Он тогда ничего ей не ответил, ни в шутку, ни серьезно; но теперь она ему как-то особенно резко казалась ничуть не похожей на жену всем своим видом и тоном. И он не мог освободиться от этих ненужных и расхолаживающих мыслей.
Вместе с Степанидой что-то принес для стола карлик, в серой паре из бумажной материи, очень маленький, с белокурой большой детской головой, безбородый, румяный, на коротких ножках, так что он переваливался с боку набок.
Ему было уже под тридцать. Звали его Парфен Чурилин. Теркину он понравился в Казани, в парикмахерской, и он его взял себе в услужение. Серафима его не любила и скрывала это. Она дожидалась только случая, чтобы спустить "карлу". Кухарка уже донесла ей, что он тайно "заливает за галстук", только изловить его было трудно.
– Чурилин! Как изволите поживать?
– обратился к нему Теркин, державшийся с ним всегда шуточного тона.
– Слава Богу, Василий Иваныч. Благодарю покорно.

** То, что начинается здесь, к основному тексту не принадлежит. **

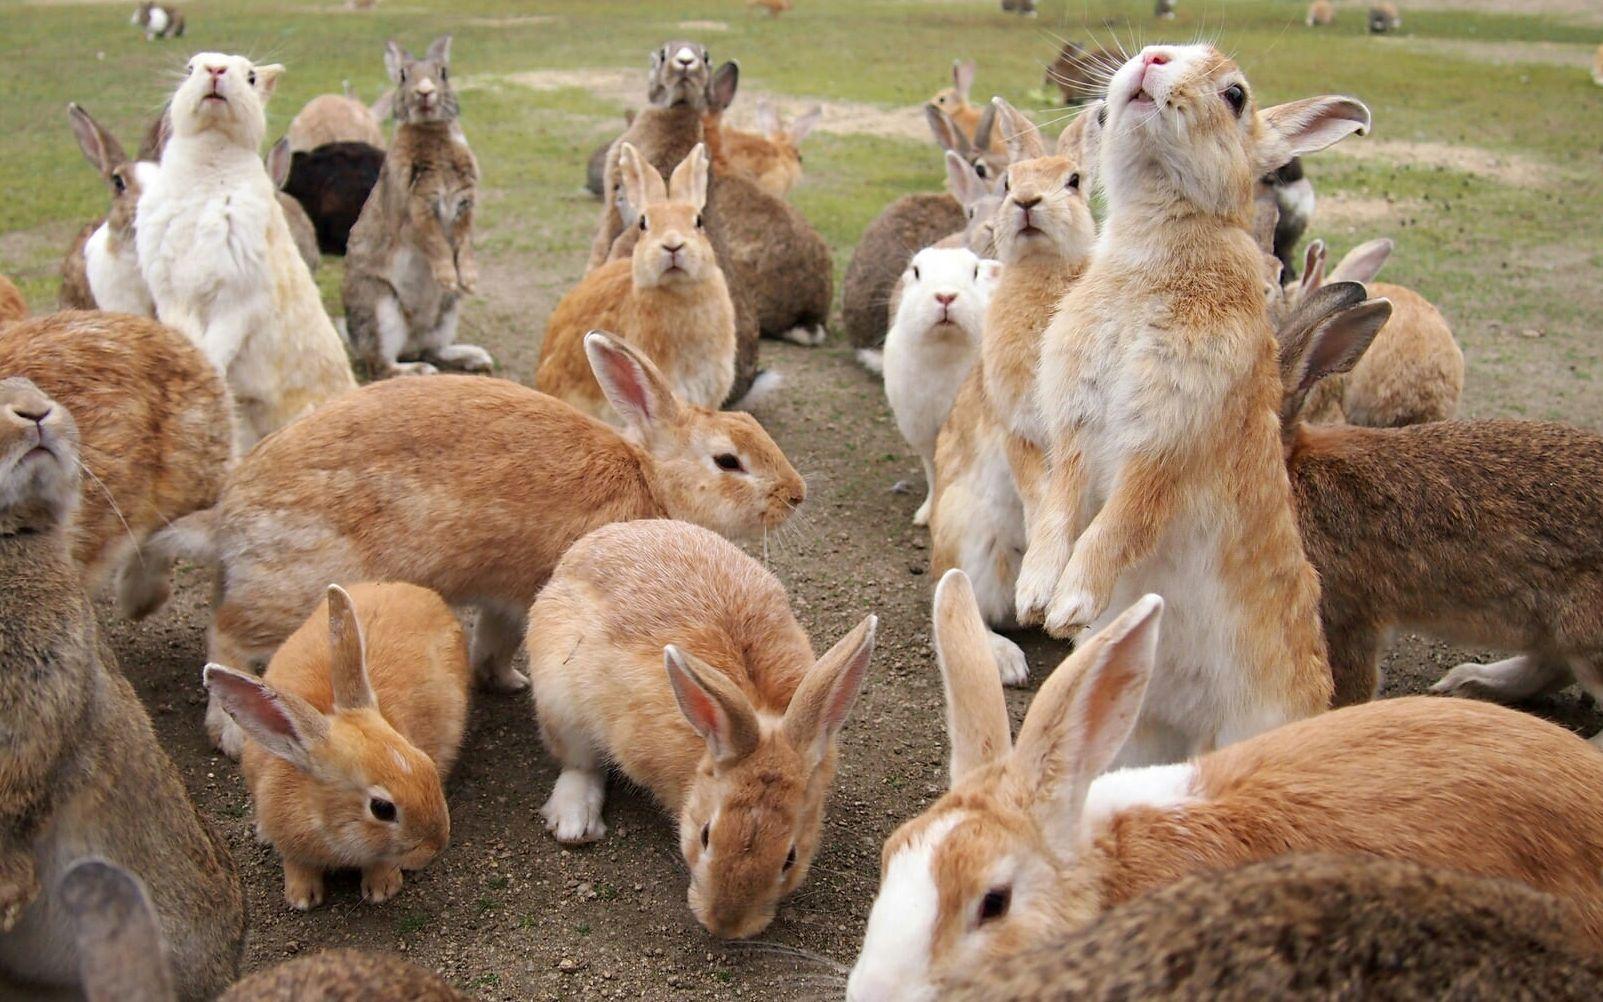 在领域的野兔 库存图片. 图片 包括有 兔子, 宠物, 野兔, 敬慕, 草甸, 通配, 蓬松, 本质, 乐趣 - 30912985
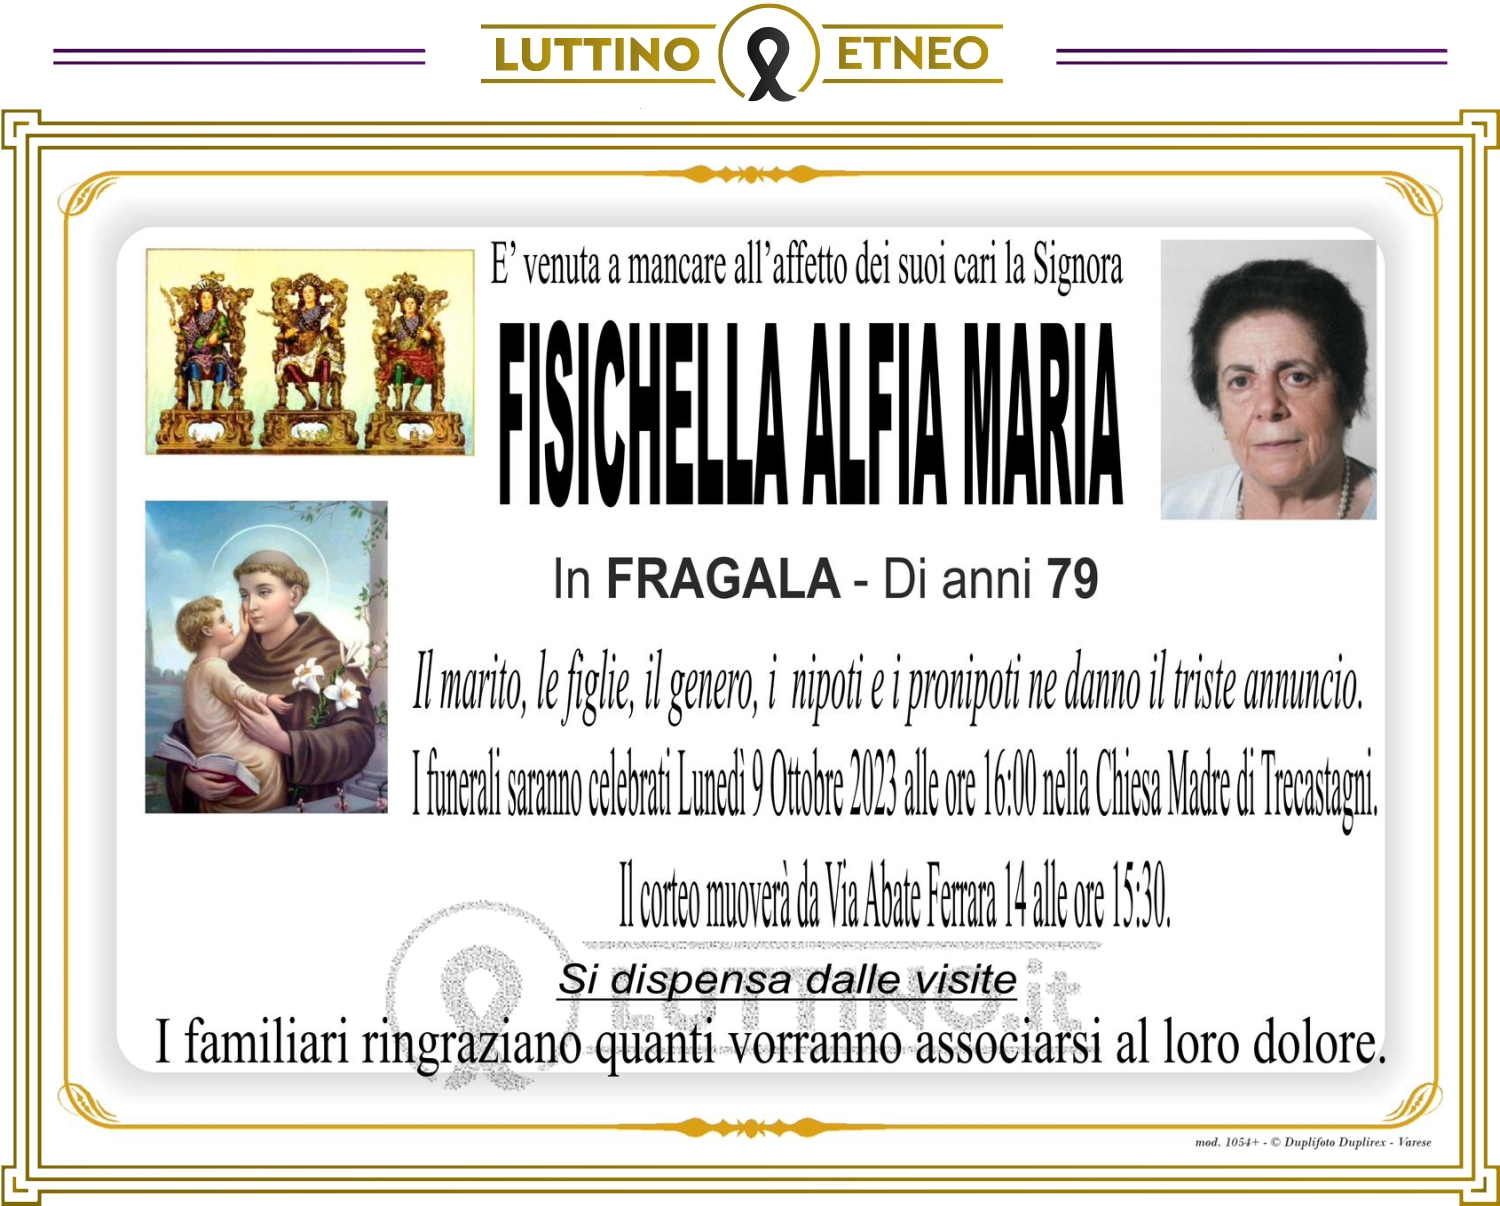 Alfia Maria Fisichella

Голос у карлика был не пискливый, а низковатый и тусклый, точно он выходил из большого тела.
Чурилин поставил на стол прибор, причем его маковка пришлась в уровень с бортом, приковылял к Теркину, еще раз поклонился ему, по-крестьянски мотнув низко своей огромной головой, и хотел приложиться к руке.
– Не надо!
– выговорил Теркин и отдернул руку.
В преданность карлика он верил и чувствовал к нему нечто вроде ласковой заботы о собачке, которая с каждым днем все больше привязывается к хозяину.
– Ступай, неси судок, да не растеряй пробки!
Серафима намекала на то, что накануне у него выпала пробка из бутылочки с уксусом. Чурилин, и без того красный, еще гуще покраснел. Он был обидчив и помнил всякое замечание, еще сильнее - насмешку над его ростом. В работе хотел он всегда отличиться дельностью и все исполнял серьезно, всякую малость. И это Теркину в нем очень нравилось.